FDA Safety Labeling Changes: Doxil, Concerta, and Fuzeon

Yael Waknine

January 12, 2005

Jan. 12, 2005 — The U.S. Food and Drug Administration (FDA) approved in October 2004 revisions to safety labeling to advise healthcare professionals of the following changes: cumulative doses of doxorubicin HCI liposome injection (Doxil) approaching 550 mg/m2 are associated with an increased risk of cardiac toxicity and myocardial damage; use of methylphenidate HCl in children may suppress their growth, and use of methylphenidate may exacerbate underlying cardiovascular conditions; and enfuvirtide may cause local injection site and systemic hypersensitivity reactions.

Doxorubicin HCI Liposome Injection (Doxil) May Cause Cardiac Toxicity

On Oct. 27, the FDA approved revisions to the safety labeling for doxorubicin HCI liposome injection (Doxil), marketed in the U.S. by Tibotec Therapeutics, warning of the risks of myocardial damage and cardiac toxicity associated with its use.

A new boxed warning advises that myocardial damage leading to congestive heart failure may occur as the total cumulative dose of doxorubicin HCl liposome injection approaches 550 mg/m2. In a clinical study of 250 patients with metastatic breast cancer, use of doxorubicin HCI liposome injection was associated with an 11% risk of cardiac toxicity at cumulative doses of 450 to 550 mg/m2.

The FDA notes that cumulative dosing calculations should include prior anthracycline and anthracenedione therapy. Cardiac toxicity may also occur at lower cumulative doses in patients receiving concurrent therapy with potentially cardiotoxic agents such as cyclophosphamide, and in those having a history of mediastinal irradiation.

The FDA recommends careful monitoring of heart function in patients treated with doxorubicin HCI liposome injection, using methods such as endomyocardial biopsy, echocardiography, or multigated radionuclide scans. Therapy should be continued in patients with possible myocardial injury only if the potential benefits of doxorubicin HCI liposome injection outweigh the associated risks.

Doxorubicin HCI liposome injection is indicated for the treatment of metastatic ovarian cancer that is refractory to both paclitaxel- and platinum-based chemotherapy regimens, and for AIDS-related Kaposi's sarcoma that has progressed on prior combination chemotherapy. It may also be used in the treatment of Kaposi's sarcoma in patients intolerant of combination chemotherapy.

Methylphenidate (Concerta) May Suppress Growth, Exacerbate Cardiovascular Conditions

On Oct. 21, the FDA approved revisions to the safety labeling for methylphenidate HCl extended-release tablets (Concerta, made by Alza Corp.), warning of the potential risks of long-term growth suppression in children receiving the drug. Methylphenidate therapy may also exacerbate underlying cardiovascular conditions.

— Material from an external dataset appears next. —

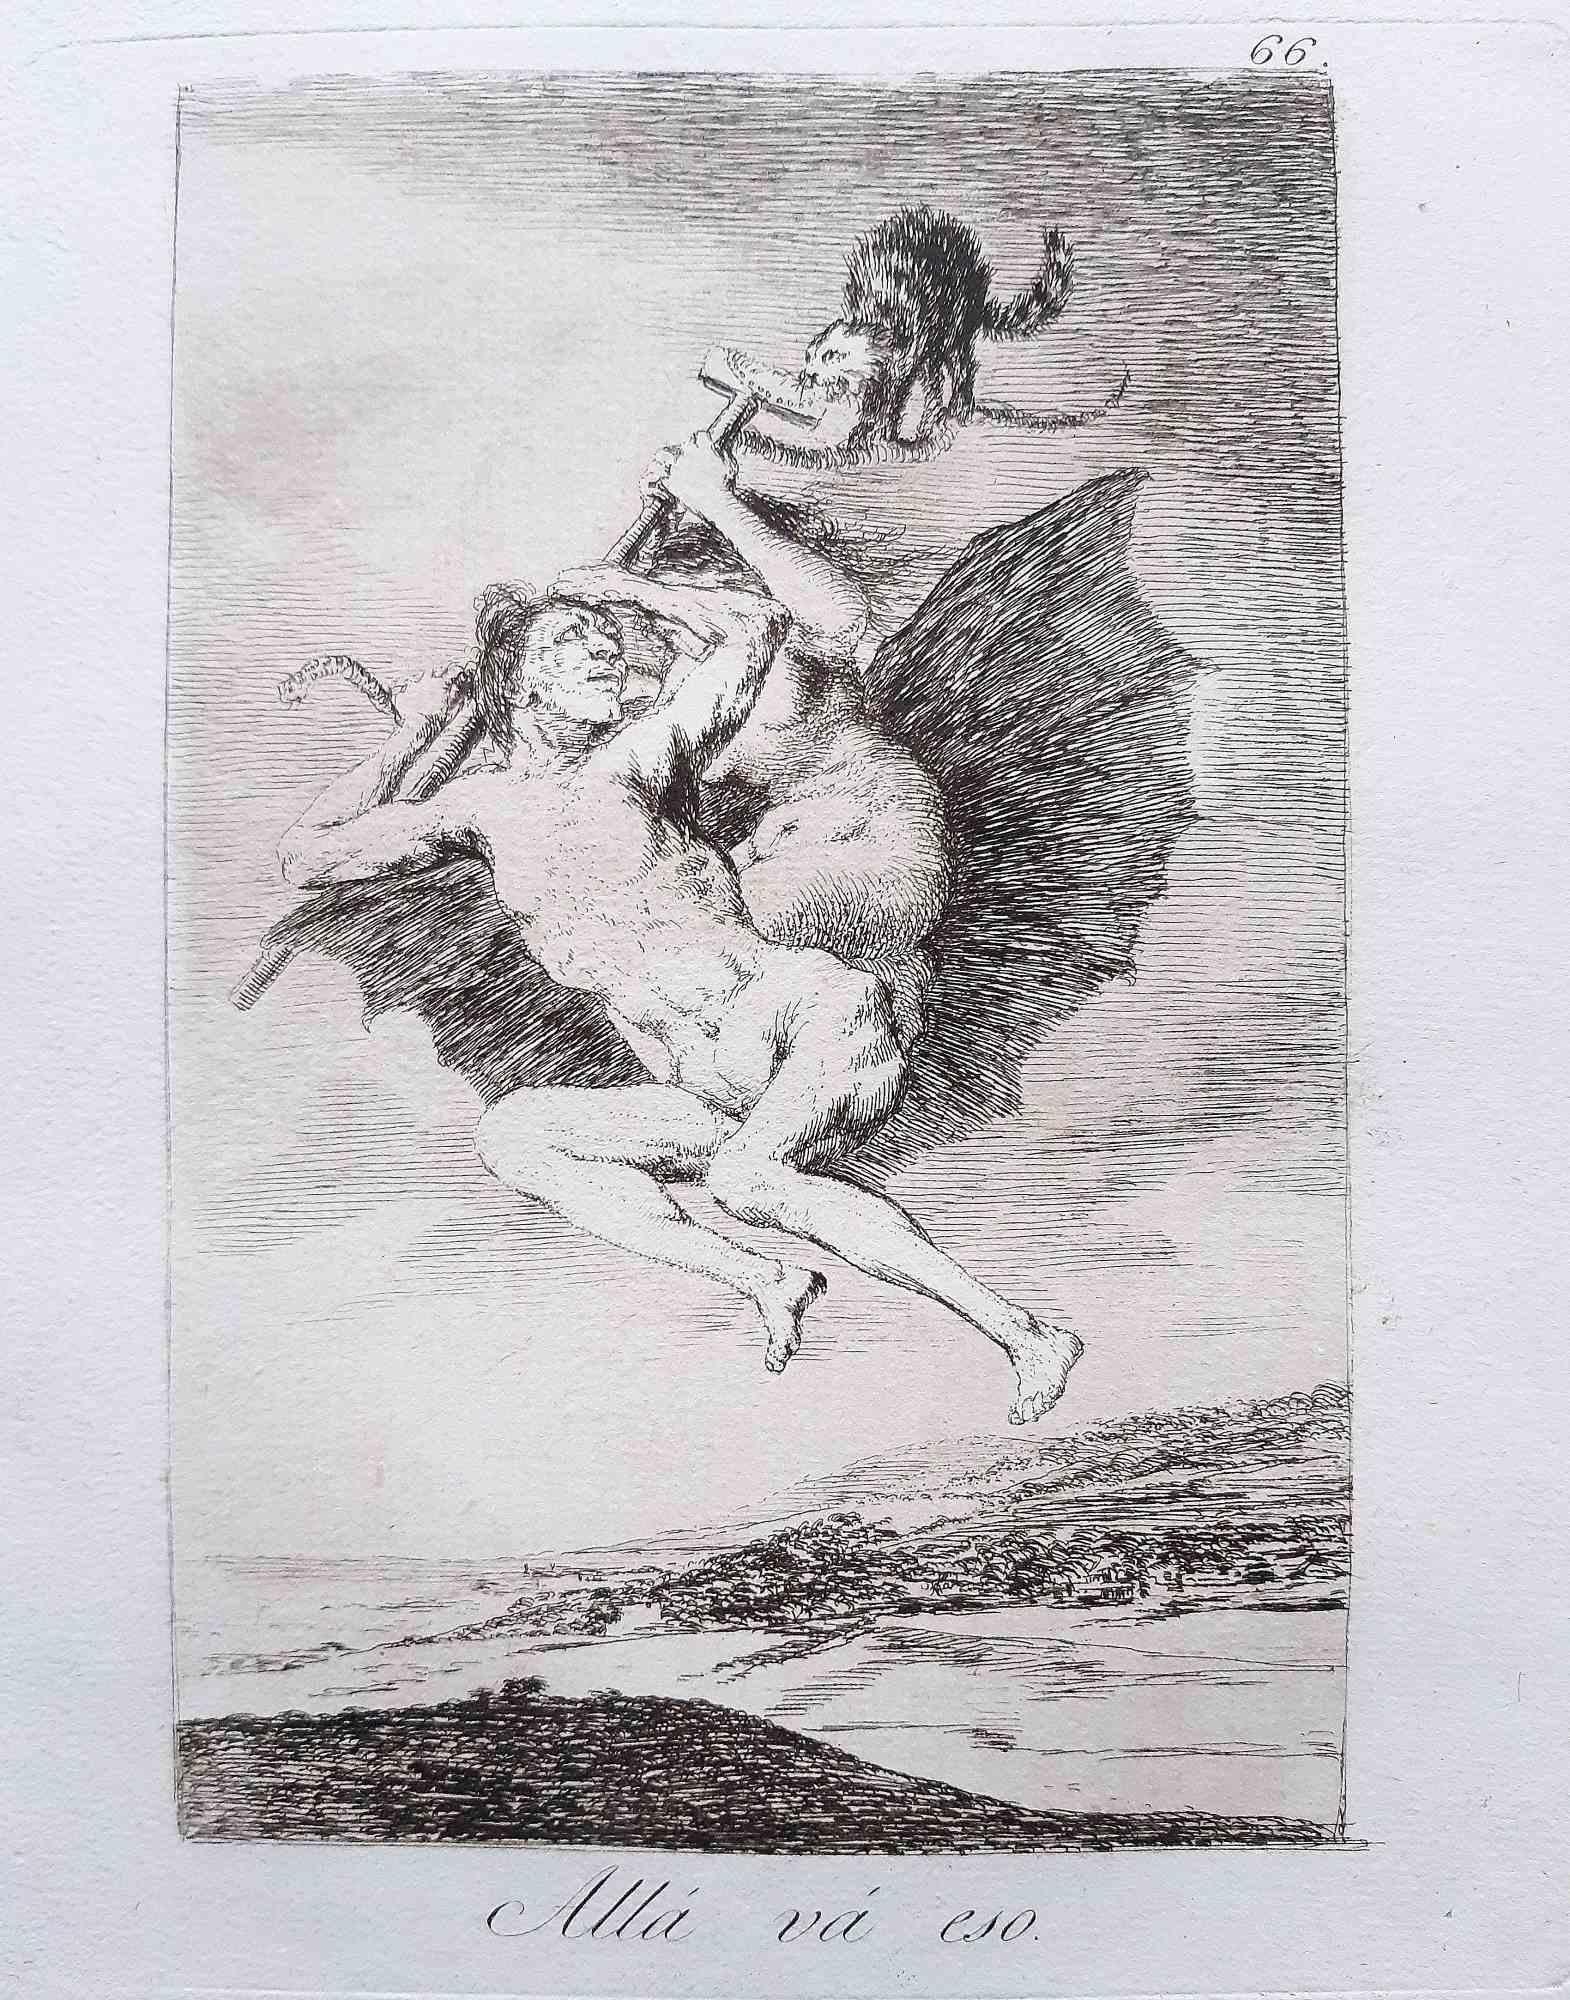 Allà Và Eso de Los Caprichos - Gravure de Francisco Goya - 1799

Inadequate data exist to determine whether chronic use of stimulants in children causes growth suppression. The FDA recommends careful monitoring of growth and weight gain in pediatric patients receiving methylphenidate. Therapy should be interrupted in those not achieving growth and weight gains as expected.

The FDA advises caution in administering methylphenidate to patients with underlying medical conditions that may be compromised by increases in blood pressure or heart rate, such as preexisting hypertension, heart failure, recent myocardial infarction, or hyperthyroidism.

Blood pressure should be monitored at appropriate intervals in all patients receiving methylphenidate and especially in those with hypertension.

Methylphenidate is indicated in the treatment of attention deficit hyperactivity disorder.

Enfuvirtide (Fuzeon) Injection May Cause Local and Systemic Reactions

On Oct. 15, the FDA approved revisions to the safety labeling for enfuvirtide injection (Fuzeon, made by Hoffman-La Roche, Inc.), warning of the risks of local injection site and systemic hypersensitivity reactions associated with its use.

In phase 3 clinical trials, 98% of patients receiving enfuvirtide experienced at least one local injection site reaction (ISR). ISRs were often present at more than one injection site and occurred throughout the 48-week treatment with an average duration of three to seven days in 41% of patients, and more than seven days in 24% of patients. Symptoms included pain and discomfort, induration, erythema, nodules and cysts, pruritus, and ecchymosis.

The FDA advises that patients be familiar with injection procedures and monitor carefully for signs or symptoms of cellulitis or local infection.

Enfuvirtide use has also been associated with systemic hypersensitivity reactions (< 1%) that may recur with rechallenge. Symptoms include combinations of rash, fever, nausea and vomiting, chills, rigors, hypotension, and/or elevated serum liver transaminase levels.

Enfuvirtide should be discontinued and not resumed in patients exhibiting systemic signs and symptoms of a hypersensitivity reaction.

Enfuvirtide in combination with other antiretroviral agents is indicated for the treatment of HIV-1 infection in treatment-experienced patients with evidence of HIV-1 replication despite ongoing antiretroviral therapy.